Commentary and analysis of Ohio criminal law and whatever else comes to mind, served with a dash of snark.  Continue Reading »

×

Not bad, but it could've been better

swat.png

Big week at the Supreme Court; after not handing down a decision in a month, the Court comes down with nine opinions in a holiday-shortened week, almost doubling its total for the year.  No fewer than six had some criminal implications, including one on double jeopardy and one on whether the decision in Padilla v. Kentucky, about an attorney's obligation to advise a non-citizen client on the immigration consequences of a guilty plea, could be applied retroactively.  Yesterday, we discussed the Court's decision in Florida v. Harris regarding drug-sniffing dogs, so we'll keep with the 4th Amendment theme.  Today, we'll talk about Bailey v. U.S., which answers a question I'm sure has crossed your mind repeatedly:  "If I get wind the cops are coming to search my house and I decide to skedaddle, how far do I have get before they can't stop me just based on the warrant?"

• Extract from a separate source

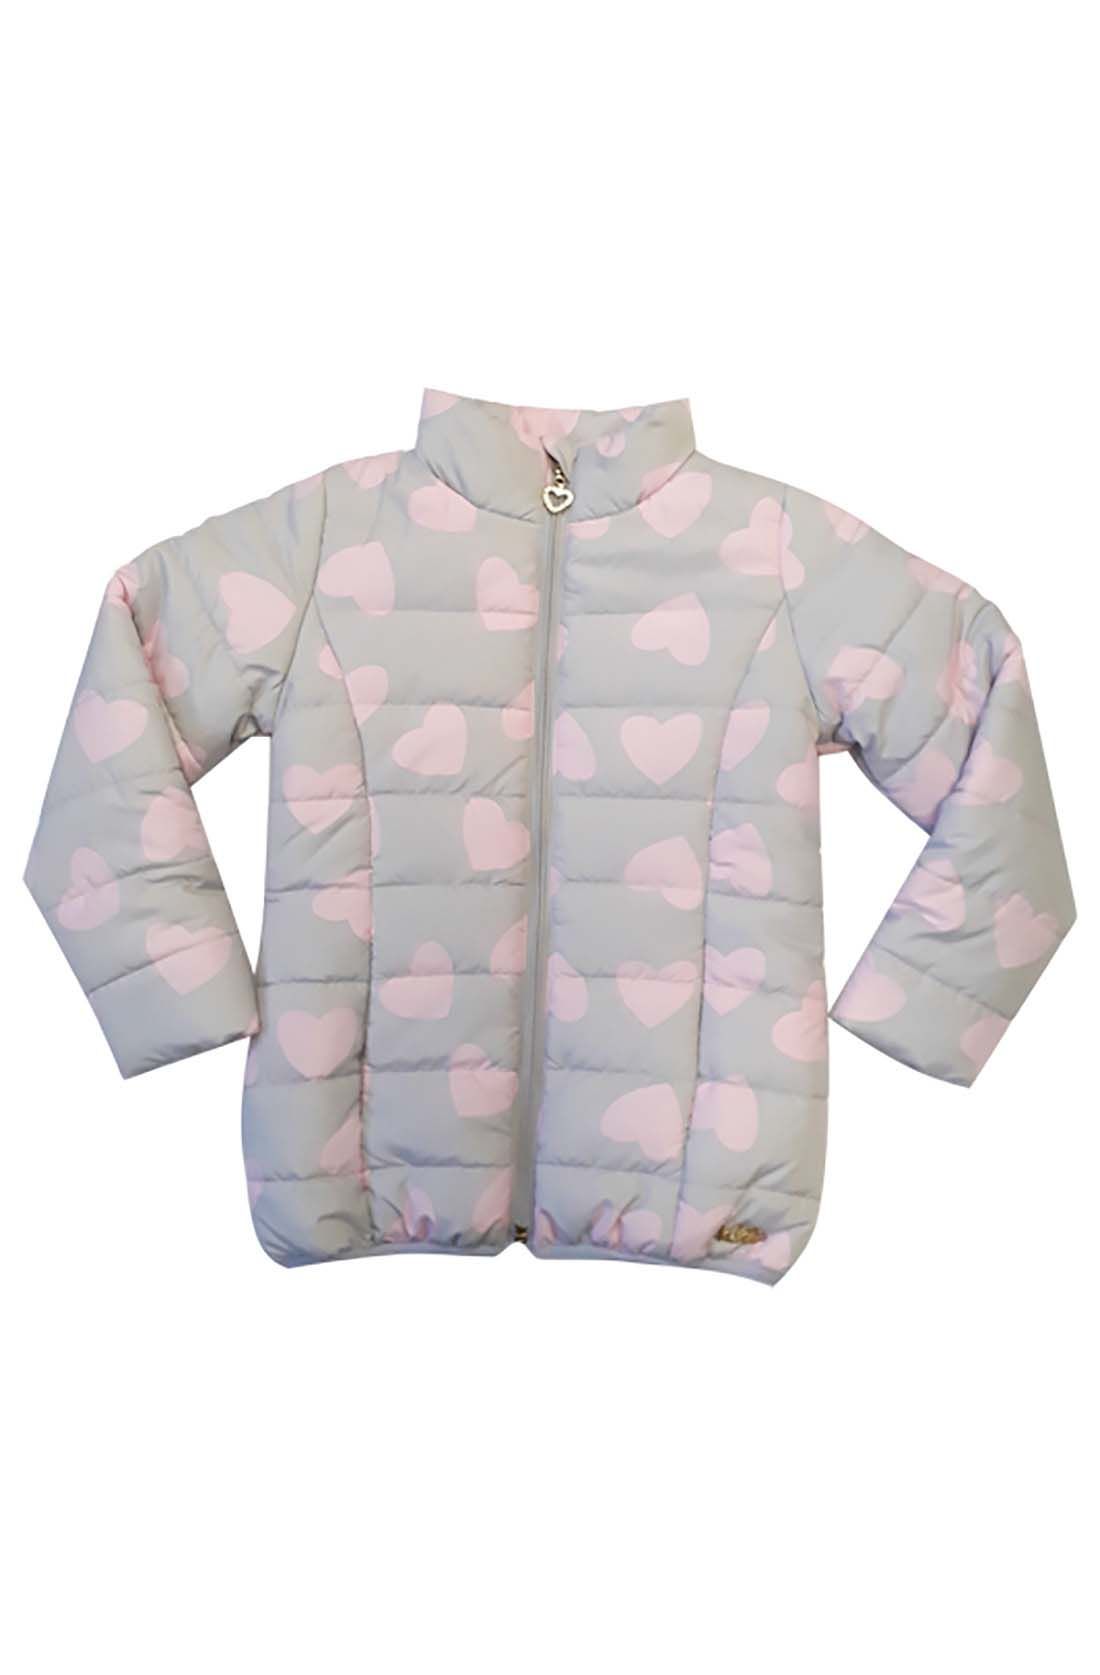 jaqueta nylon infantil feminina

The quick facts:  as the cops were preparing to execute a search warrant for Bailey's apartment, they saw him and another male leave the apartment, get into a car, and drive off.  They followed him for about a mile, pulled him, and put him in cuffs, telling him it was incident to the execution of the warrant.

The quick law:  Back in 1981, the Court had held in Michigan v. Summers that officers could detain the occupants of premises that were being searched.  We've talked about "bright lines" in 4th Amendment law -- the desire of courts to drain the swamp of search and seizure law by clearly delineating what is and is not permitted where at all possible -- and here was another one.  The right to detain was categorical; it didn't depend on any quantum of proof that the detainee was doing anything other than occupying a place on the time-space continuum which put him in those premises at that precise moment.

Of course, you develop one bright line, and things get muddled someplace else.  In this case, it was "occupy."  Sure, if you're in the house, that's an easy call, but what if you're walking out while the cops are walking in?  What if you're walking down the street in front of the house?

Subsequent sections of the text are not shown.